Les Jaune et Noir profitent de cette supériorité numérique pour reprendre des couleurs et jouer en avançant, à l’image de Fortassin qui envoie un Cedaro lancé perforer la défense béarnaise. Les Palois sont dépassés par la vitesse des Maritimes, notamment grâce à des rucks bien plus maîtrisés en seconde période permettant des libérations rapides et des turnovers grâce à des contests de Djebaïli notamment. Sur une touche aux 40m, Berger dynamite la défense paloise, écarte le ballon à gauche pour Atonio qui claque la passe pour Lagarde ; le ballon rebondit côté droit pour Vulivuli qui perce et donne à Fortassin qui fait une passe sur un pas pour Herry, qui file entre les poteaux (22-20, 57e). Sur sa performance, Berger, très bon ce samedi soir, se veut perfectionniste : « C’est mitigé. Il y a eu quelques bons trucs c’est vrai, mais je me fais contrer (sur le premier essai palois). Et à ce niveau-là, j’ai pas le droit de me faire contrer. Je vais revoir ma prestation demain (dimanche) et on va travailler ça à l’entraînement ». Son entraîneur Fabrice Ribeyrolles se montre plus élogieux à l’égard de la charnière : « Julien (Berger) a fait un très bon match, il a mis de la vitesse grâce à de bonnes libérations. Il a fait individuellement une très grosse performance. (Sur son coup de pied contré) Je lui en tiens pas rigueur, il est encore jeune, des erreurs tout le monde en fait, mais il la rattrape largement à côté. Fabien (Fortassin) a également fait de bonnes choses. Malgré quelques erreurs dans le jeu au pied, c’est le métronome du jeu rochelais ». Ce dernier a d’ailleurs été élu homme du match par le staff, réussissant tous ses coups de pied et auteur de 23 points. Sur la fin de match, Pau semble un peu mieux physiquement et profite du carton jaune de Van Vuuren pour garder la possession du ballon et se montrer dangereux. Manca marque une pénalité suite à une action dangereuse sur le côté droit de la défense rochelaise (28-23, 74e), et permet à son équipe de ramener un bonus défensif.
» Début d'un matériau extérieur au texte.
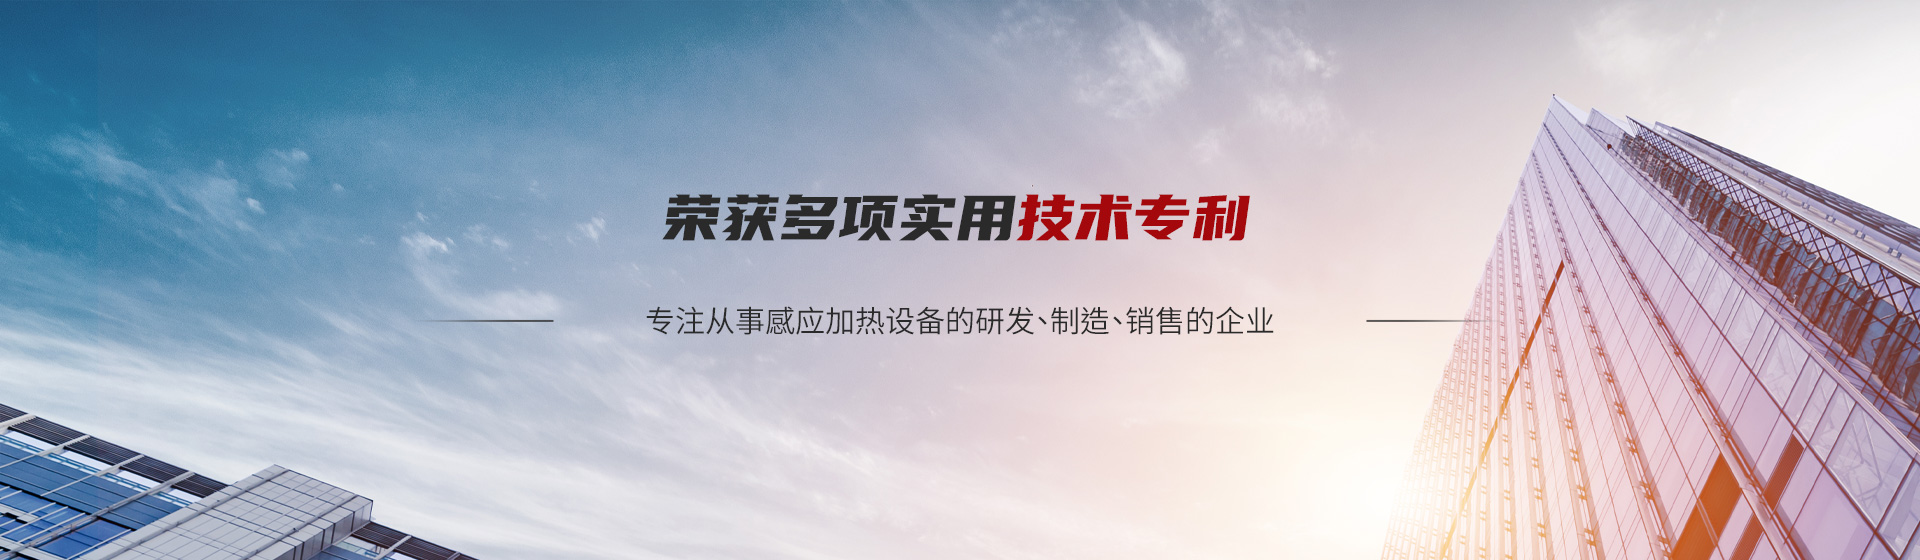 威九国际丨中国有限公司官网

Le point noir du match : les blessures
Cette belle victoire a été quelque peu ternie par les blessures de Gourdon (remplacé à la mi-temps par Kieft pour une douleur au mollet) et Lebail (blessé à la cheville en toute fin de match). Déjà compliquée avant le match par l’indisponibilité de Le Bourhis (malade), la composition des lignes arrières devient un casse-tête. Fabrice Ribeyrolles confirme : « Les blessures vont encore remplir l’infirmerie, c’est le gros point noir de ce soir (samedi). On jongle avec toutes les blessures, on a du mal à composer une ligne de trois-quarts. Heureusement, Sireli Bobo va apporter une solution offensive intéressante. » Aux Rochelais maintenant de se remobiliser pour un déplacement compliqué à Carcassonne le week end prochain, contre une équipe qui joue sa survie en Pro D2.
N.C.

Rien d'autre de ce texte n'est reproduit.